Computerized analysis of UFC patterns and automated UFC pattern classification may lead to a more standardized and objective analysis of UFC’s. Since a more objective assessment of UFC might contribute to a correct diagnosis of female voiding dysfunction, we aim to develop an automated system for the classification of UCF patterns.
Study design, materials and methods
The development of the automated classification has progressed in stages and was based on three different databases. The first dataset consisted of UFC's of healthy young women, the second dataset were UFC's of free flows prior to invasive urodynamic study in female patients > 18 years with lower urinary tract symptoms. The third dataset was an extension of the second dataset. The sets consisted of increasing numbers of UFC's and increasing proportions of abnormal flow rates. UFC’s were allocated by experts in functional urology to one of the four categories: normal (A), staccato )B), interrupted (C) or long flow (D).  The certainty of allocation was recorded. The UFC's scored with the highest certainty were identified as reference curves. Datasets were tested in three systems: first, a questionnaire algorithm, secondly an optimized parameter system algorithm and finally, a machine learning system. The questionnaire algorithm was based on qualifying or quantifying criteria taken from the literature regarding UFC patterns in combination with the expert allocation. For the optimized parameter algorithm criteria from the initial questionnaire algorithm were added or removed and thresholds were adapted in order to increase agreement. As UFC's may be a combination of basic flow patterns, for the machine learning algorithm, UFC's were not allocated to one pattern category, but likelihood assignment was performed.  A group of experts assessed to what extend UFC’s matched each of the four basic UFC patterns.
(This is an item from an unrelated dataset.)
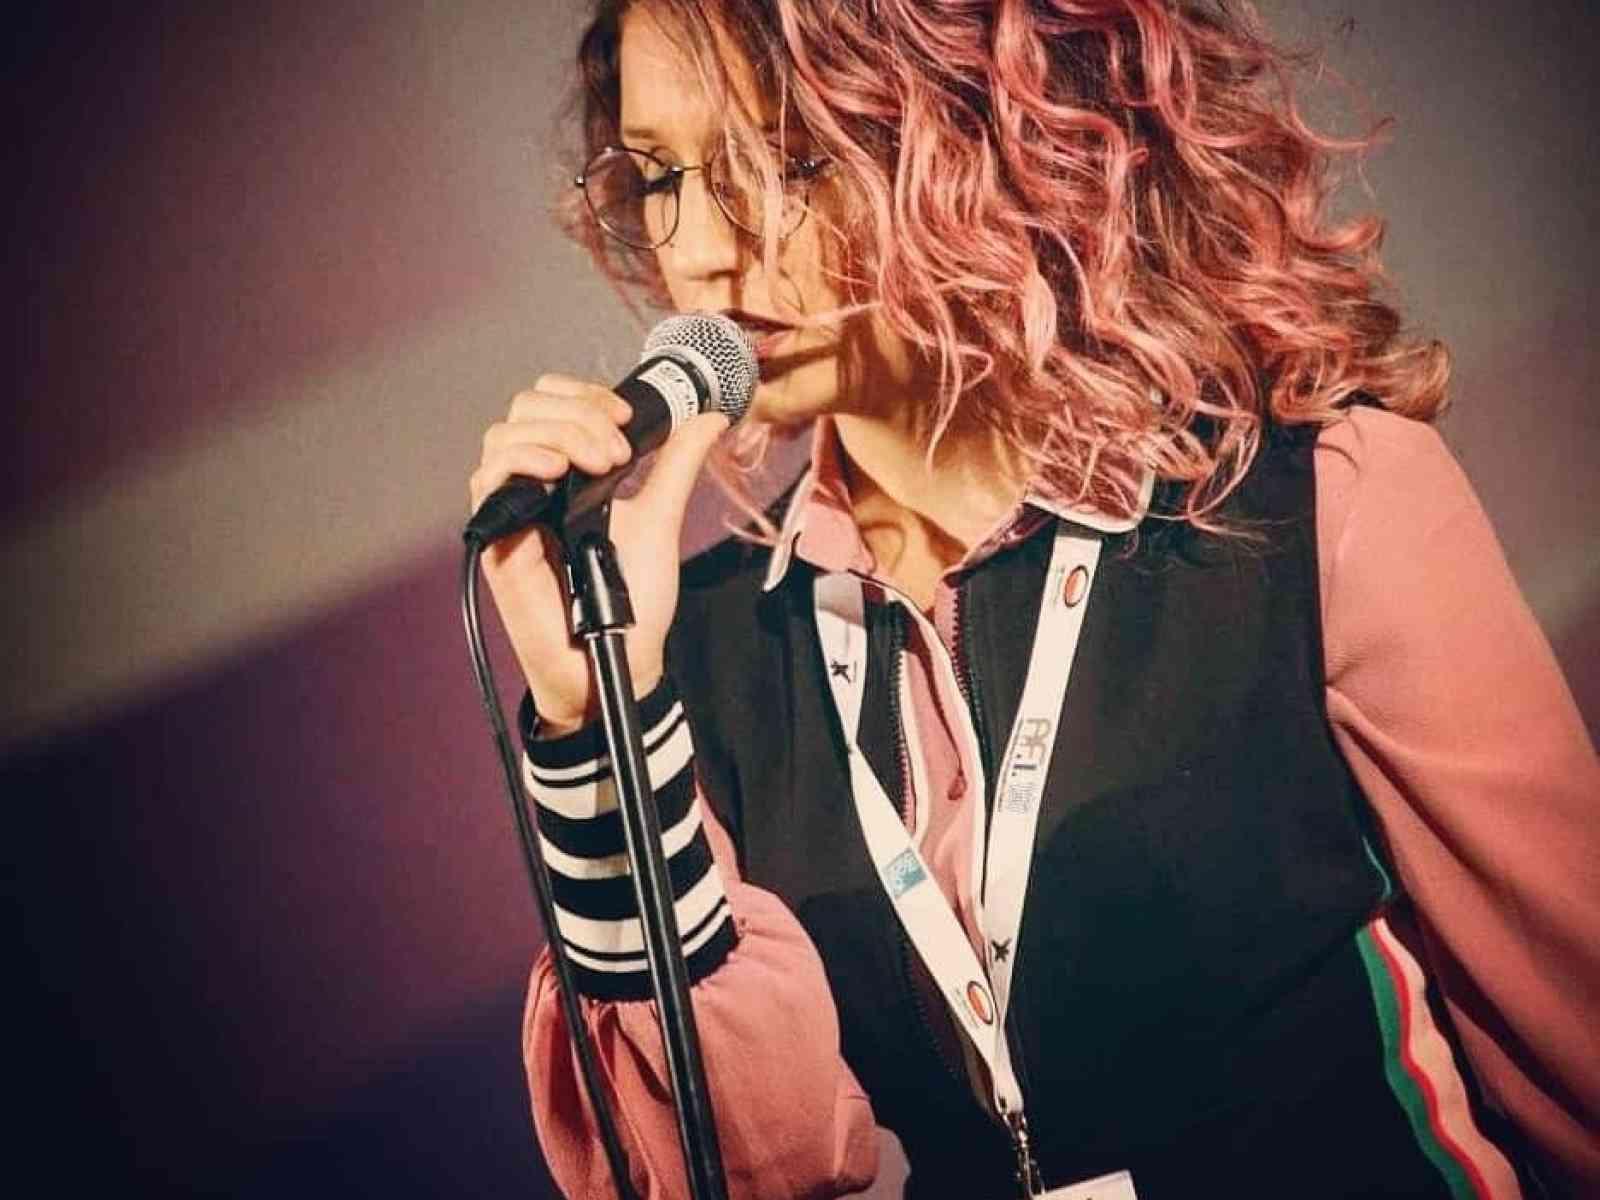 Immagine articolo: Da Menfi a Sanremo con il sogno della musica. Secondo posto ad Area Sanremo per Alessia Cusumano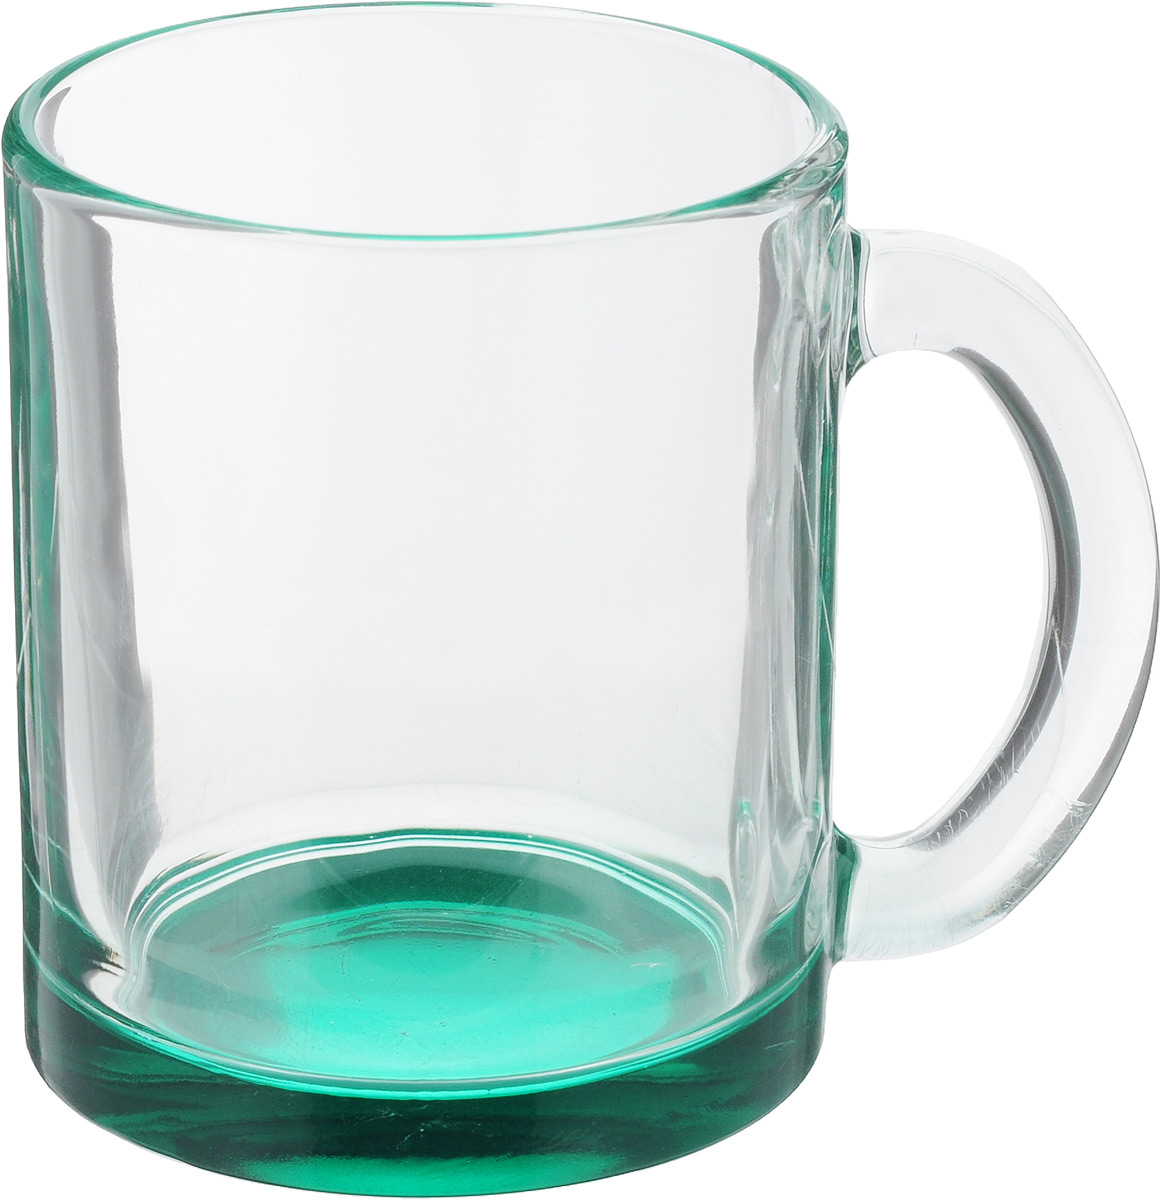 Кружка OSZ Чайная, цвет: прозрачный, бирюзовый, 320 мл04C1208LM_прозрачный, бирюзовыйКружка OSZ Чайная изготовлена из стекла двух цветов. Изделие идеально подходит длясервировки стола.Кружка не только украсит ваш кухонный стол, но и подчеркнет прекрасныйвкус хозяйки. Диаметр кружки (по верхнему краю): 8 см. Высота кружки: 9,5 см.Объем кружки: 320 мл.

This resulted in a third classified dataset of UFC’s, each with a specific likelihood assignment. This dataset was used to develop a system to generate ‘machine-likelihoods’ that were able to reproduce the experts assignments. We constructed a set of classifiers that was optimized to give the best possible correspondence between the reference curves and their respective classes. Different classifiers were constructed and their performance was compared. The sensitivity score (S-score) and the ROC- AUC were computed.The questionnaire algorithm and the optimized algorithm were also applied to the third (largest) dataset. The ability of each algorithm to reliably identify the correct UFC pattern was tested.
Results
Questionnaire algorithm. 
From the first set of UFC’s, 159  remained after exclusion of technically improper curves and the experts classified 90 of these UFC’s. Forty-eight out of 90 UFC’s were classified as reference curves; 44 of which  pattern A, 1 pattern B, 2 pattern C and 1 pattern D. The inter-observer agreement was fair (kappa 0.20 and 0.40)
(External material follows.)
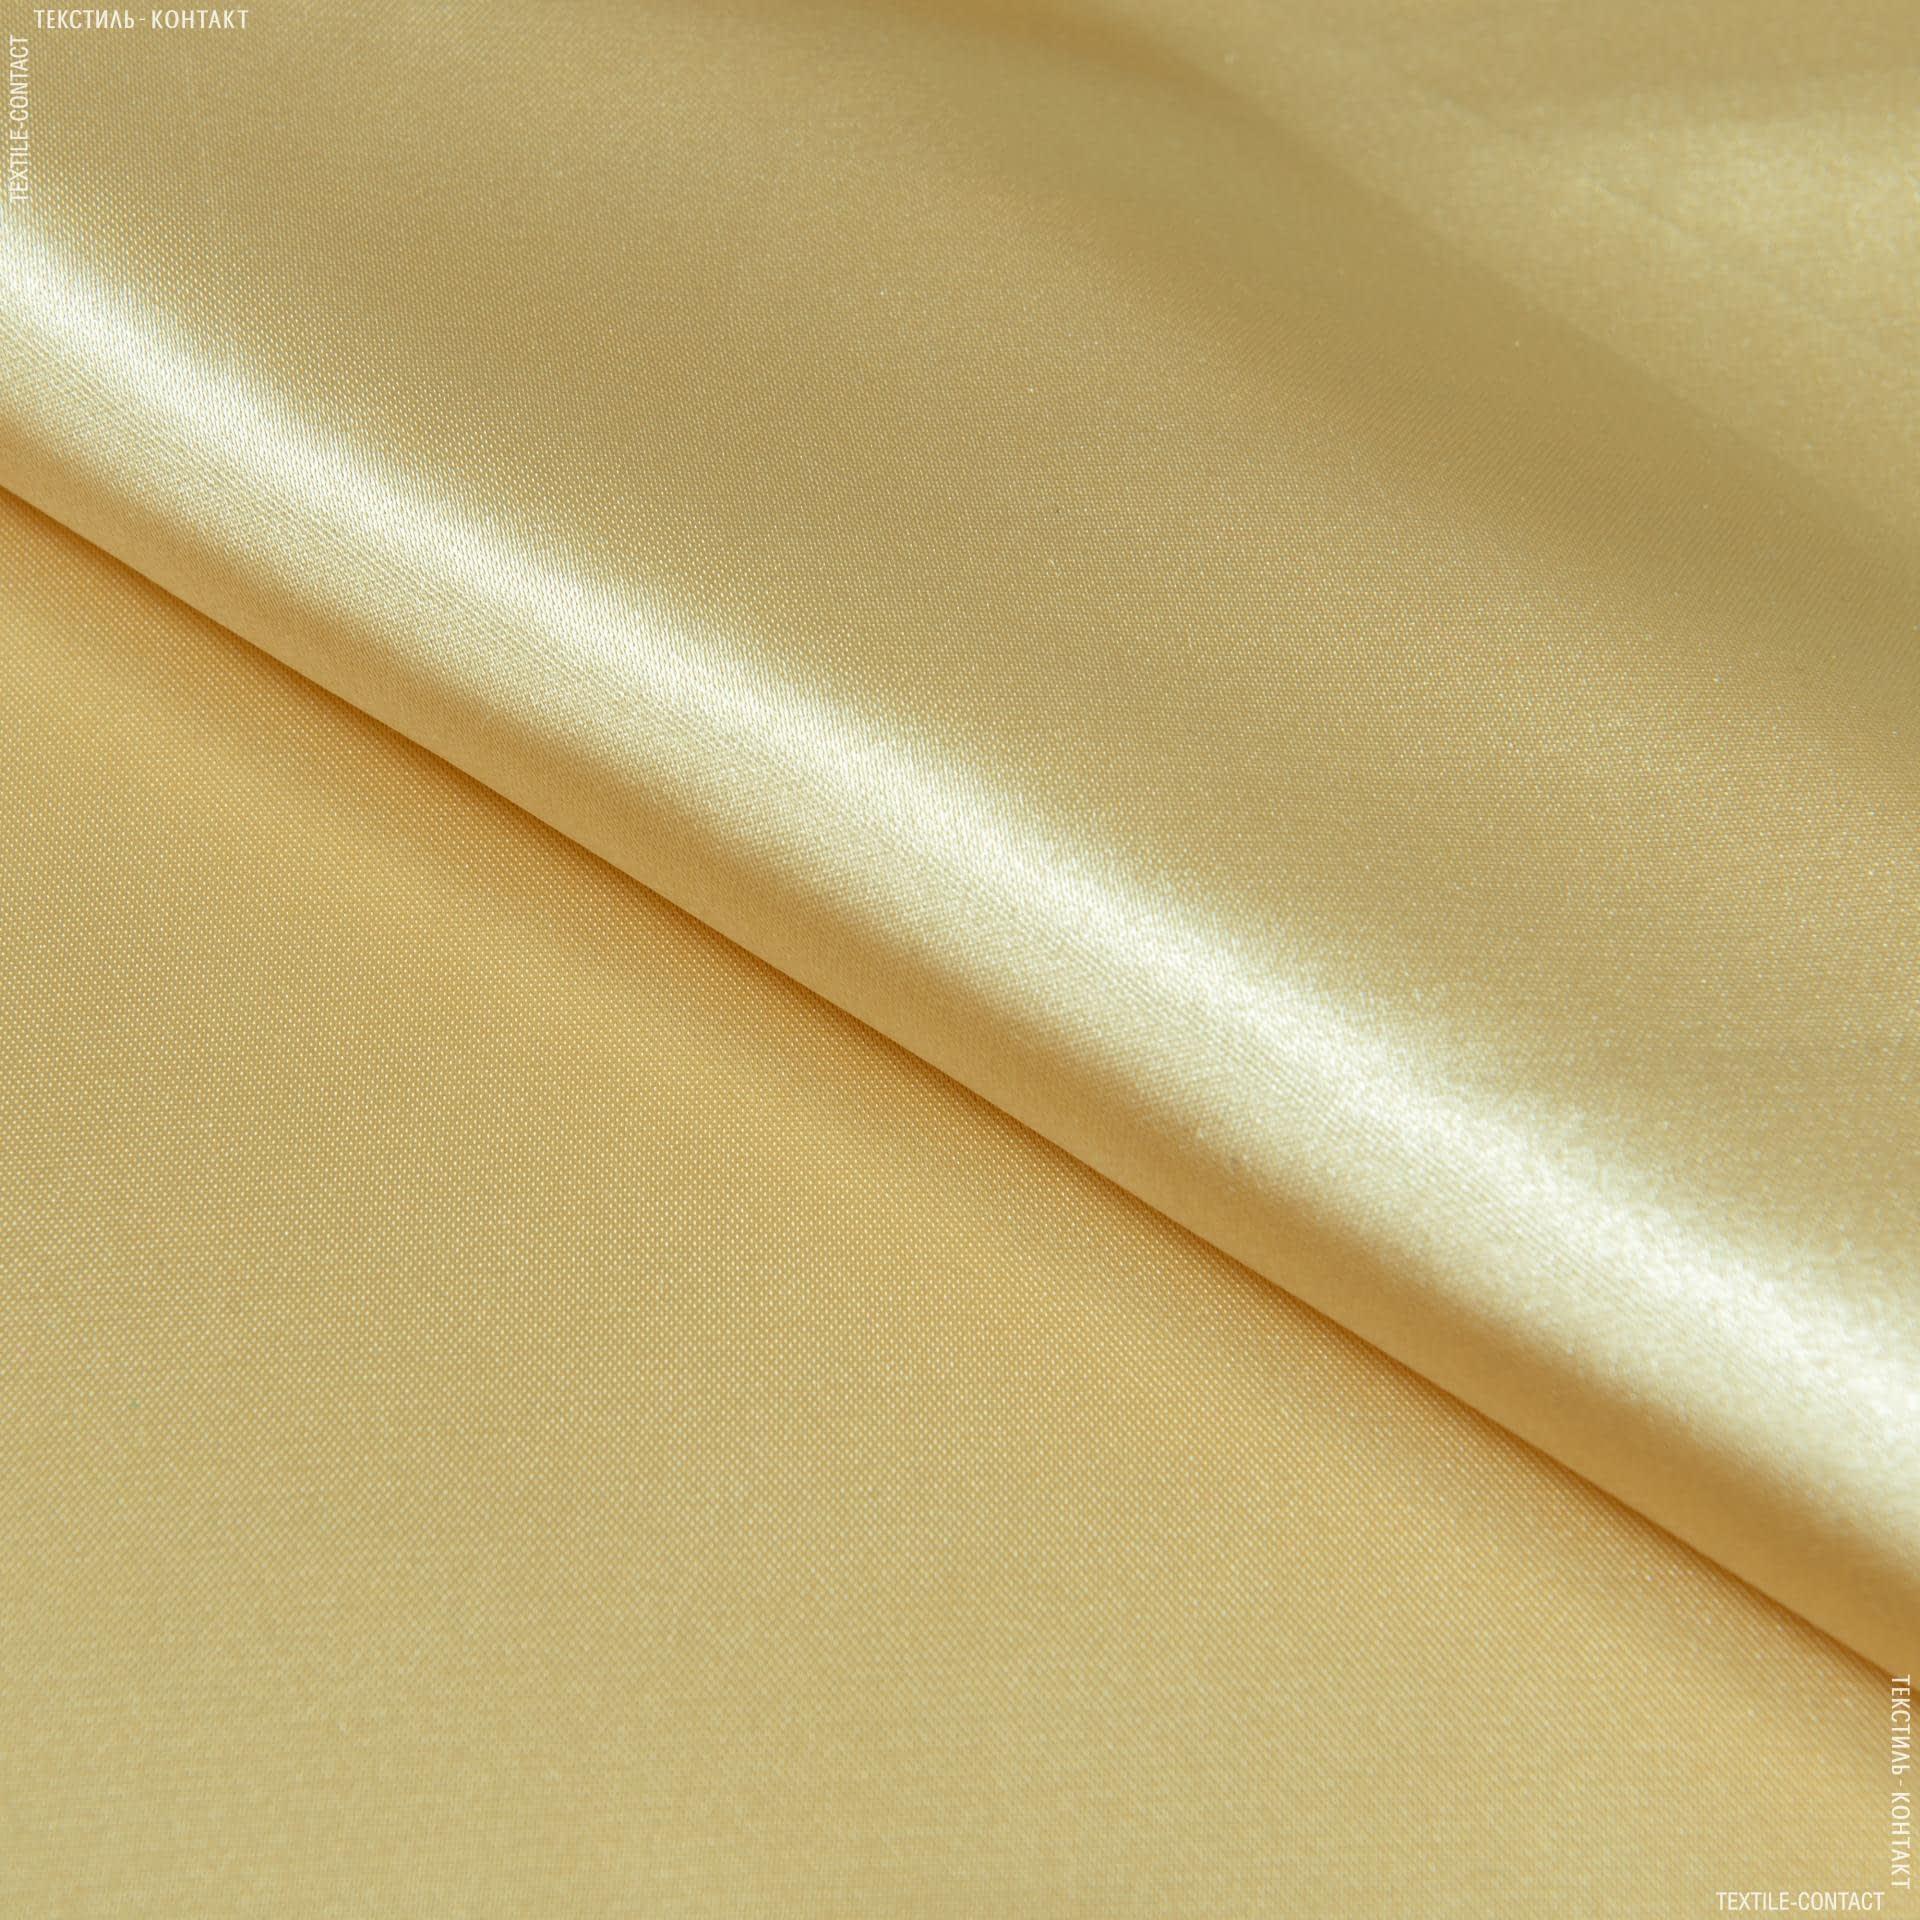 Тканини для костюмів - Атлас щільний кремовий

The testing of the final optimal questionnaire algorithm with this set of reference curves resulted in a S-score of 0.98 with only one UFC classified incorrectly. 

Optimized algorithm: 
The experts classified 365 UFC’s of the second set.  The inter-observer agreement was moderate,  kappa 0.54, 0.51, 0.70. Of these 138, the reference curves were: 87 pattern A, 19 pattern B, 22 pattern C and 10 pattern D. 
The final optimized questionnaire resulted in a S-score of 0.94 and an AUC of 0.9892. 

Machine system
With the machine system, a total of 708 UFC’s with likelihood assignments given by experts were used;  428 UFC’s were labeled as reference curves and 71% belonged to pattern A, 12% to pattern B, 14% to pattern C and 3% to pattern D. The machine system resulted in an S-score of 0.98 and AUC almost 1.00 for all four UFC types.

Regression forest classifier resulted in almost perfect agreement between this machine classification and the database of reference curves. The machine system with the regression forest classifier was confirmed to generate the best results.  The machine system classified nine UFC’s differently than the experts; there were discrepancies between pattern A and C (five UFC’s) or between A and B (two UFC’s).
Interpretation of results
This study reports the process of the development of a method to digitally analyze uroflowmetry curves of women as a first stage of standardized and objective assessment of UFC patterns. The S-scores of the consecutive algorithms increased with the successive steps.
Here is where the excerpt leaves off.